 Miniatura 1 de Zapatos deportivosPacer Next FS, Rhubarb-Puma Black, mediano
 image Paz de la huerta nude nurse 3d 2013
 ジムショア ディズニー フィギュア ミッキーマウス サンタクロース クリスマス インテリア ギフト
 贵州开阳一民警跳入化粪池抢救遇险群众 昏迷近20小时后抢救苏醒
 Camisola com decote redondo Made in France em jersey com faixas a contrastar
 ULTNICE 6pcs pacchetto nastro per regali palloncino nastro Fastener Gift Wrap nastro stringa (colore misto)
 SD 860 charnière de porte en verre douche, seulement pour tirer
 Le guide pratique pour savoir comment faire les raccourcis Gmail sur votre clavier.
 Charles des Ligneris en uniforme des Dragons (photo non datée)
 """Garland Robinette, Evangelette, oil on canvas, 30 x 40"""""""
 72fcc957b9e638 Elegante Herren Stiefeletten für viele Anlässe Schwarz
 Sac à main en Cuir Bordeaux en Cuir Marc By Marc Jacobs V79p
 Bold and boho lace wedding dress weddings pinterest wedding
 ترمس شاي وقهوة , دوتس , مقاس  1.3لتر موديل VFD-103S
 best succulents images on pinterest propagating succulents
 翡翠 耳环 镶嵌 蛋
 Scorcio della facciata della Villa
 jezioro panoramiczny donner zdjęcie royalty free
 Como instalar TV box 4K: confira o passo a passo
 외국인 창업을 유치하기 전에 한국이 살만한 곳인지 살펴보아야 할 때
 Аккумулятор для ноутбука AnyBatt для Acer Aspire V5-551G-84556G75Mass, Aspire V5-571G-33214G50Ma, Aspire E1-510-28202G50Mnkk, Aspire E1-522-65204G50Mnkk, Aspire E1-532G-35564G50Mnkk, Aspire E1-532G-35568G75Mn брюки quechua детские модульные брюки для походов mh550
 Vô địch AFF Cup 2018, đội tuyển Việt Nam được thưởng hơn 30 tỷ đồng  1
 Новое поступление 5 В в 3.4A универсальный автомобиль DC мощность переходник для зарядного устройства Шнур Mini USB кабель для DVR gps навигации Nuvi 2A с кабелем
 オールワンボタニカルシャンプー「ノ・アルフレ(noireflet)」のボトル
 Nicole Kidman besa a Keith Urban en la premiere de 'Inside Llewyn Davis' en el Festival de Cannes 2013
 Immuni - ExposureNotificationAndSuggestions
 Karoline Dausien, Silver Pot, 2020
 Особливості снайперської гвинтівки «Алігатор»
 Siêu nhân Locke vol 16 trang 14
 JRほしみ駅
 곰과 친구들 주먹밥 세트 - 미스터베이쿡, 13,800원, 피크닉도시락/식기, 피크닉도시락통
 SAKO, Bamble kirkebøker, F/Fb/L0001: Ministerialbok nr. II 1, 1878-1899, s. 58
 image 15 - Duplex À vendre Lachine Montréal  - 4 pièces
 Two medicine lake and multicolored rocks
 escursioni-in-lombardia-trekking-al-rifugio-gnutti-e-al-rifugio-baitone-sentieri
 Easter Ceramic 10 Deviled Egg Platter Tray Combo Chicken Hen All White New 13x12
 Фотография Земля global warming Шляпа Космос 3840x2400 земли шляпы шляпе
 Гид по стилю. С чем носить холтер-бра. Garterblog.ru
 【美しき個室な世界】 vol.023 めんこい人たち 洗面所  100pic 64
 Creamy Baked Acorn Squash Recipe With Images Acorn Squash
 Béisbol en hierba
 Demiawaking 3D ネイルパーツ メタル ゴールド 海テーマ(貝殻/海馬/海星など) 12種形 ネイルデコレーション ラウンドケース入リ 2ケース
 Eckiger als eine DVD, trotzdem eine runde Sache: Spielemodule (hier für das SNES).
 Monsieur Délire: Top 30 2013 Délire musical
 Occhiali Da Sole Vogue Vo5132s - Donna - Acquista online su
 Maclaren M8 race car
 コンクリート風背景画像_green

▶ PROBLEM DESCRIPTION
Find how many lines of the listing include the word "pinterest" and answer with that count by itself.

▶ RESULT OF THE EXERCISE
2